After the cluster scale is increased, the resource quotas required by volcano need to be modified based on the cluster scale.

  • If the number of nodes is less than 100, retain the default configuration. The requested CPU is 500m, and the limit is 2000m. The requested memory is 500 MiB, and the limit is 2000 MiB.
  • If the number of nodes is greater than 100, increase the requested CPU by 500m and the requested memory by 1000 MiB each time 100 nodes (10,000 pods) are added. Increase the CPU limit by 1500m and the memory limit by 1000 MiB.

    Formulas for calculating the requests:

    • CPU request: Calculate the number of nodes multiplied by the number of pods, perform interpolation search using the product of the number of nodes in the cluster multiplied by the number of pods in Table 4, and round up the request and limit that are closest to the specifications.

      For example, for 2000 nodes (20,000 pods), the product of the number of nodes multiplied by the number of pods is 40 million, which is close to 700/70,000 in the specification (Number of nodes x Number of pods = 49 million).

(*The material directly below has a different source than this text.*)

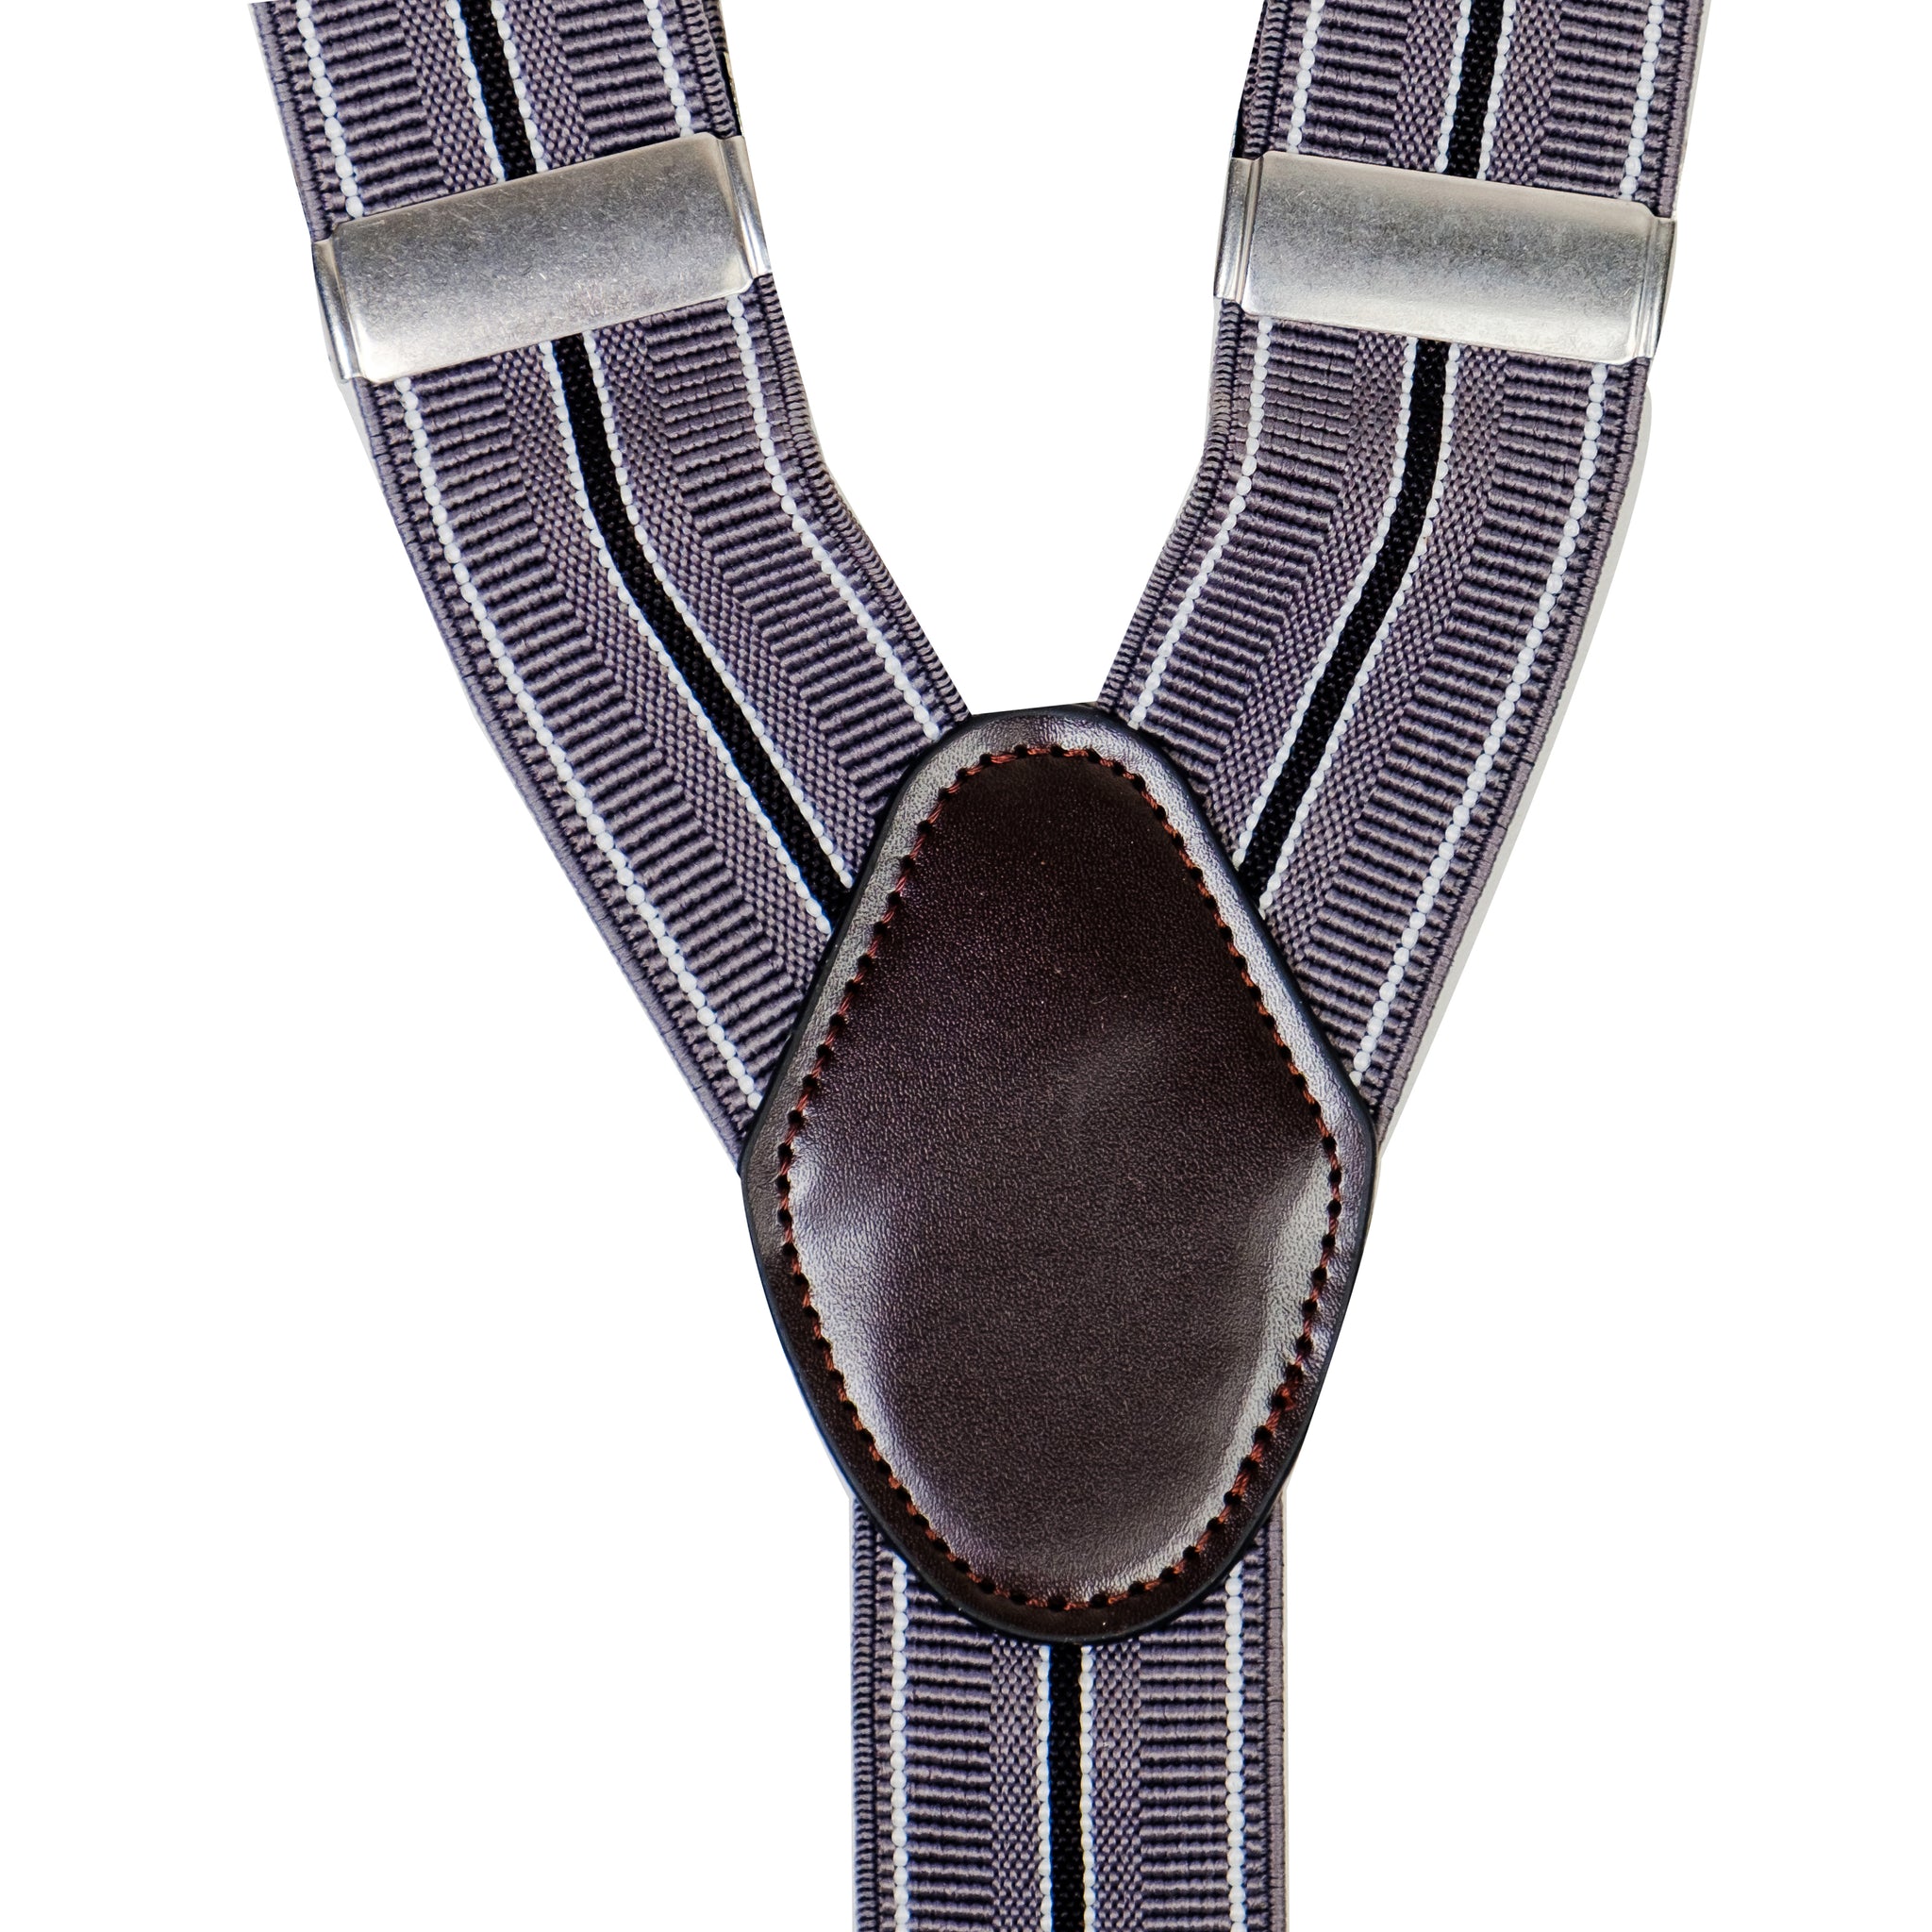 Chokore Stretchy Y-shaped Suspenders with 6-clips (Gray & Black)

Set the CPU request to 4000m and the limit to 5500m.

    • Memory request: Allocate 2.4 GiB of memory to every 1000 nodes and 1 GiB of memory to every 10,000 pods. The memory request is the sum of the two values. (The obtained value may be different from the recommended value in Table 4. You can use either of them.)

      Memory request = Number of nodes/1000 x 2.4 GiB + Number of pods/10000 x 1 GiB

      For example, for 2000 nodes and 20,000 pods, the memory request value is 6.8 GiB (2000/1000 x 2.4 GiB + 20000/10000 x 1 GiB).

Table 4 Recommended values for volcano-controller and volcano-scheduler

Nodes/Pods in a Cluster

Requested vCPUs (m)

vCPU Limit (m)

Requested Memory (MiB)

Memory Limit (MiB)

50/5000

500

2000

500

2000

100/10,000

1000

2500

1500

2500

200/20,000

1500

3000

2500

3500

300/30,000

2000

3500

3500

4500

400/40,000

2500

4000

4500

5500

500/50,000

3000

4500

5500

6500

600/60,000

3500

5000

6500

7500

700/70,000

4000

5500

7500

8500

Configuring Resource Quotas for Other Add-ons

Resource quotas of other add-ons may also be insufficient due to cluster scale expansion. If, for example, the CPU or memory usage of the add-on pods increases and even OOM occurs, modify the resource quotas as required.

For example, the resources occupied by the kube-prometheus-stack add-ons are related to the number of pods in the cluster. If the cluster scale is expanded, the number of pods may also grow. In this case, increase the resource quotas of the prometheus pods.